A core curriculum that requires proficiency in the three R's, a knowledge of our history and a thorough grounding in what we used to call civics.

Well, duh. If we aren't teaching those things anymore it's because of staff reductions brought about by budget cuts.

A longer school year with better utilization of expensive plants.

I don't have much of an opinion on the length of the school year, but for the sake of argument I'll support Virgil here, too. Having said that...expensive plants? What?

De-emphasize sports and cheerleading. Turn them into truly extracurricular activities.

You'll get no argument from me on that one.

Reduce the number of school districts by at least 50 percent. There are more than 1,000 in our state. Amarillo has seven within 35 miles of downtown.

From my point of view this isn't necessarily a bad thing, as long as the money freed up is used to hire more teachers. Different communities might not be too happy about giving up control of their schools, though. I doubt this would ever really go anywhere.
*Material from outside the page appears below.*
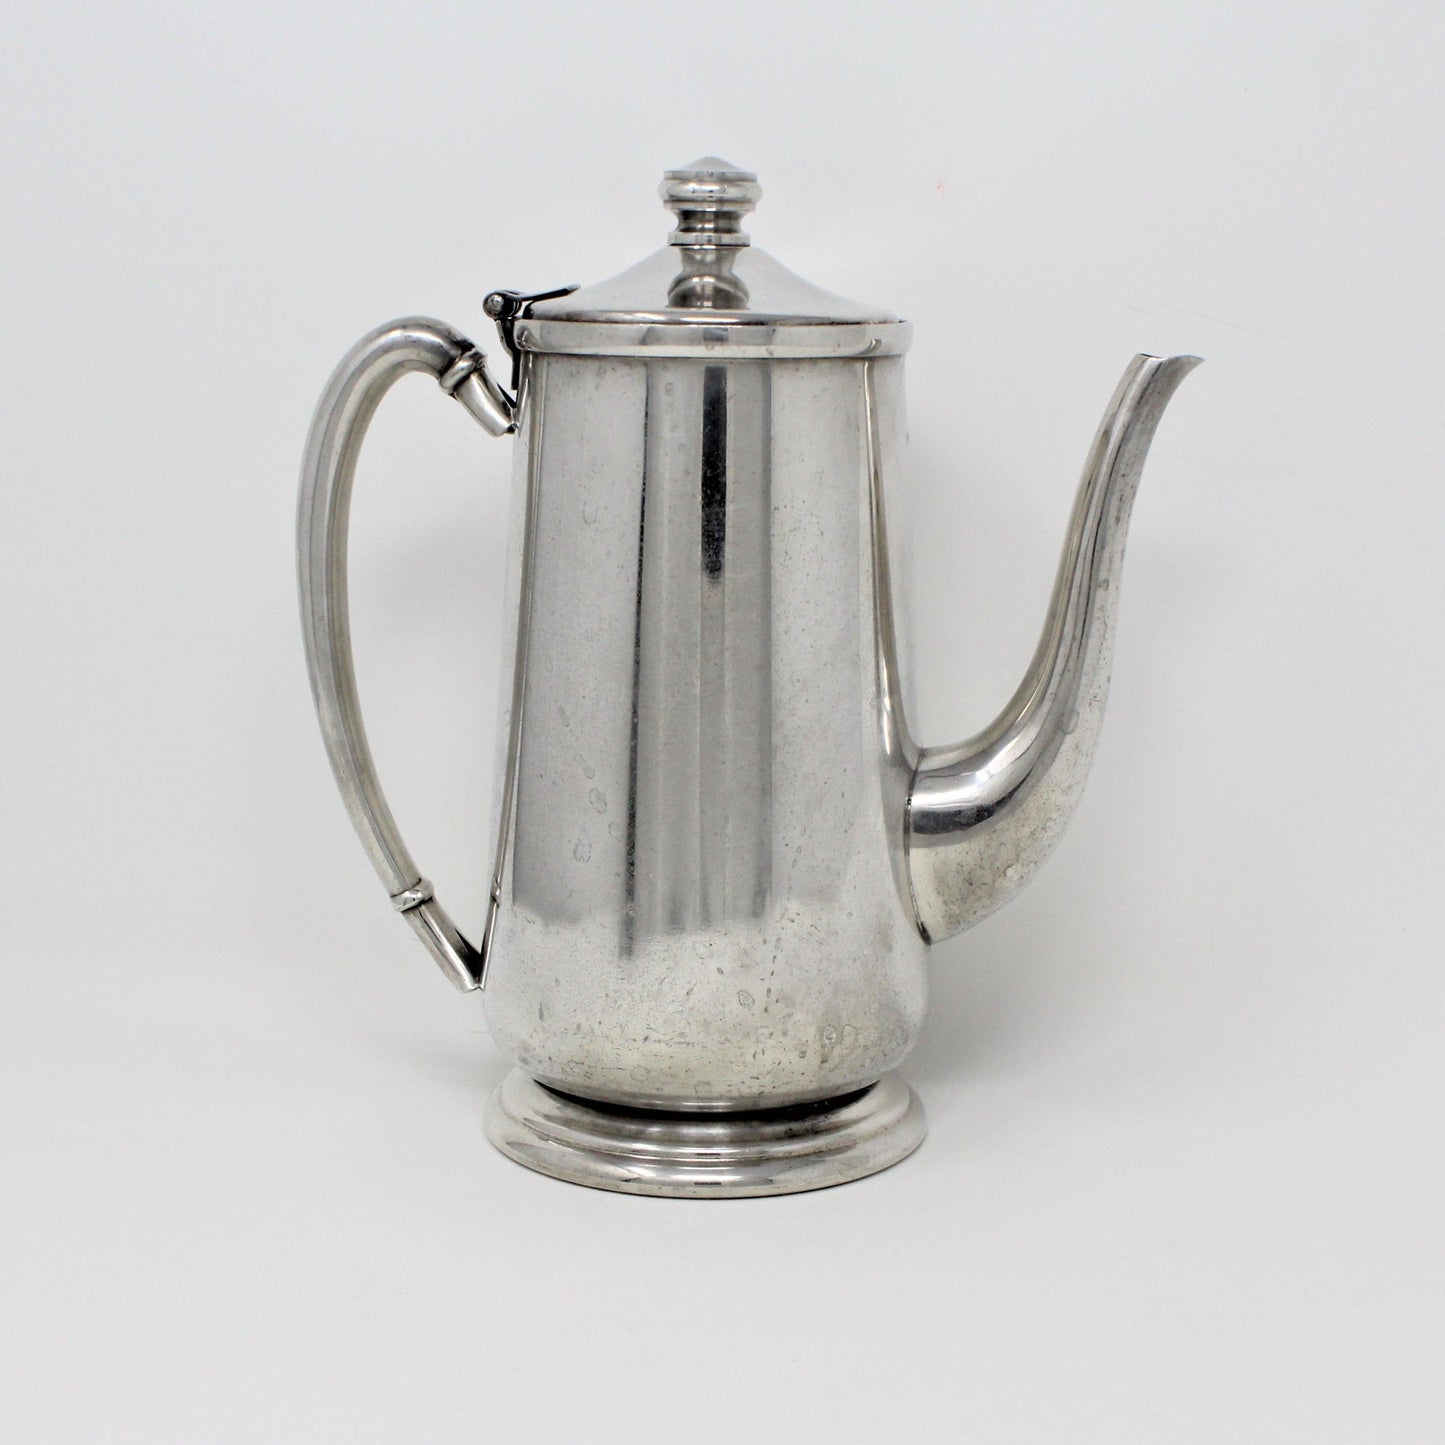 Coffee Pot, International Silver, Stainless 18/10,  5403, Vintage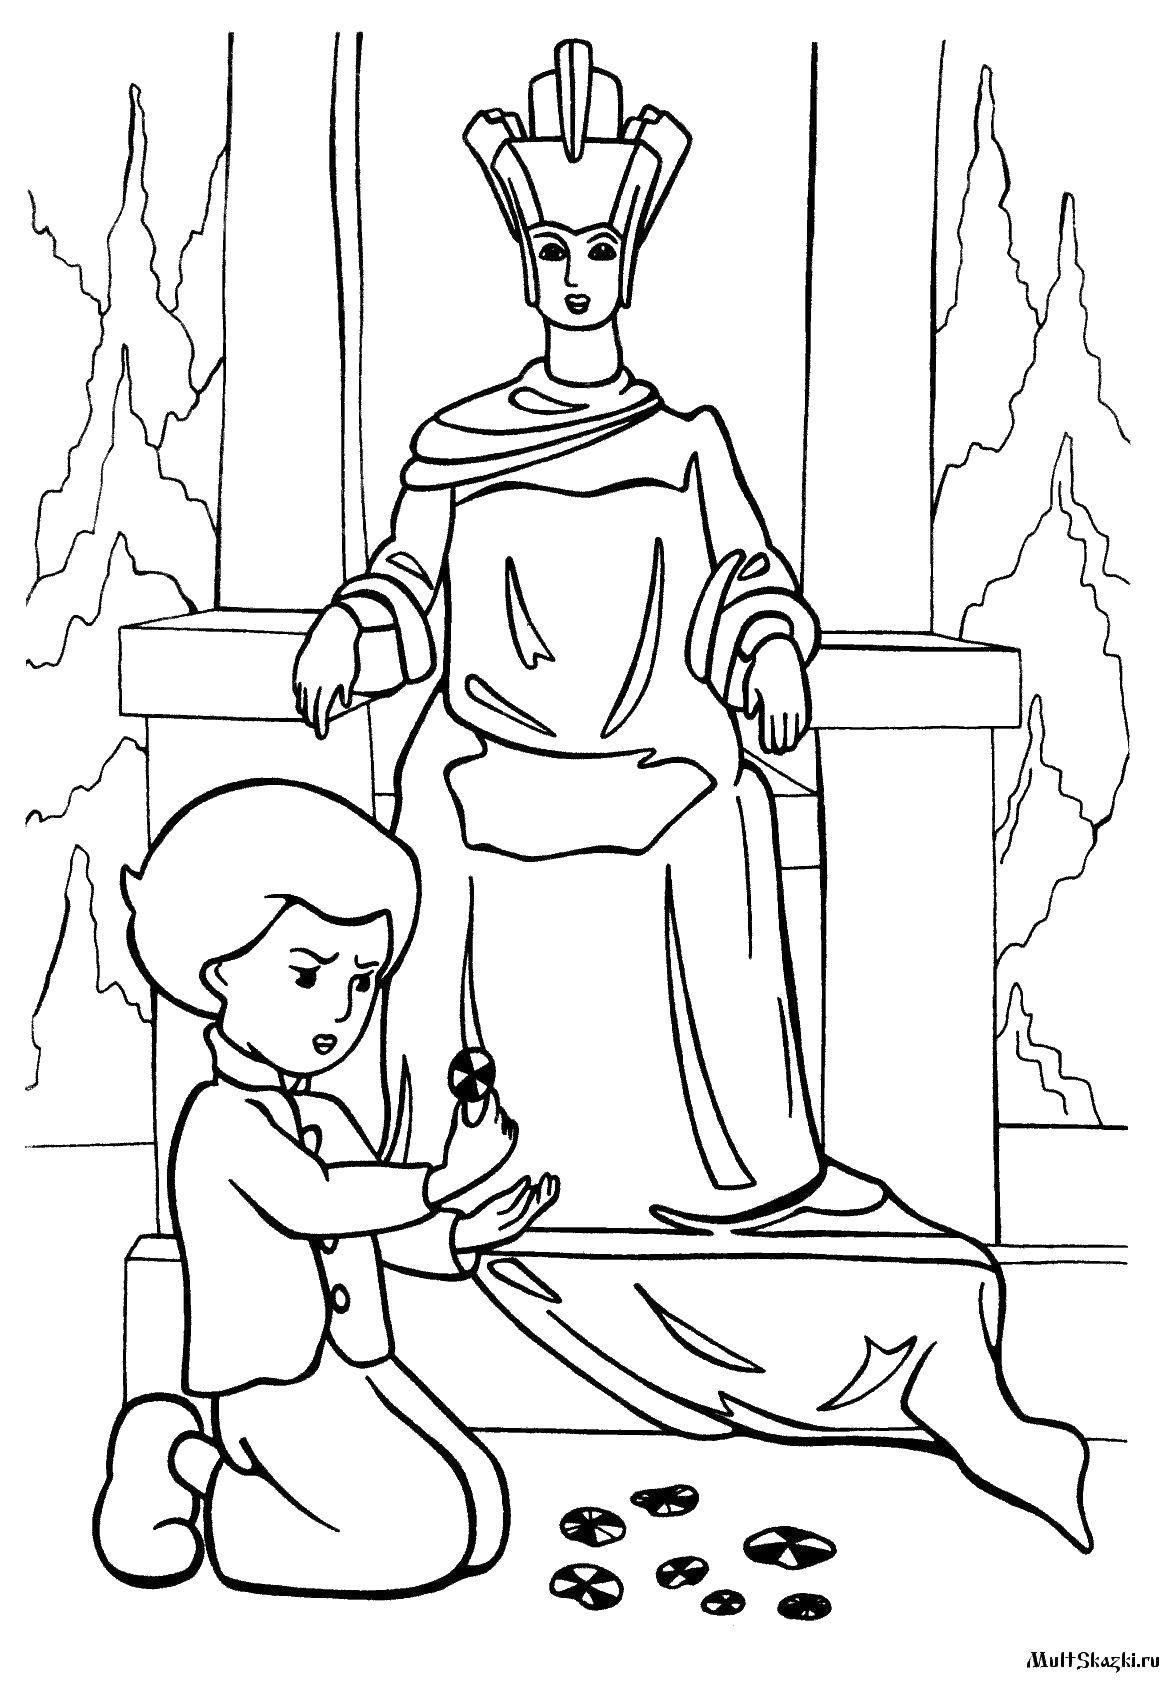 Coloring Kai and the snow Queen on the throne. Category Fairy tales. Tags:  Fairy tales.

Insist that a diploma mean something. Allow the unmotivated to fail. Failure can be a learning experience.

No argument from me, though I think one of a teacher's numerous responsibilities is to try to motivate the kids. That's a tough job and I'm sure most teachers make a good effort at it, but there will be some who just have to learn a lesson the hard way. Man, I'm agreeing with Virgil a lot here...

Allow vouchers to attend private schools. These schools turn out a better product for considerably less money.

Bzzzt. Wrong. There it is. There's the deal breaker. Virgil's 8 point plan to save the schools just became his 1 point plan to ruin them. Public money should be put into public schools. Period. End o' discussion. Vouchers will just lead to racial and religious segregation and, utlimately, the rise of for-profit, corporatized education.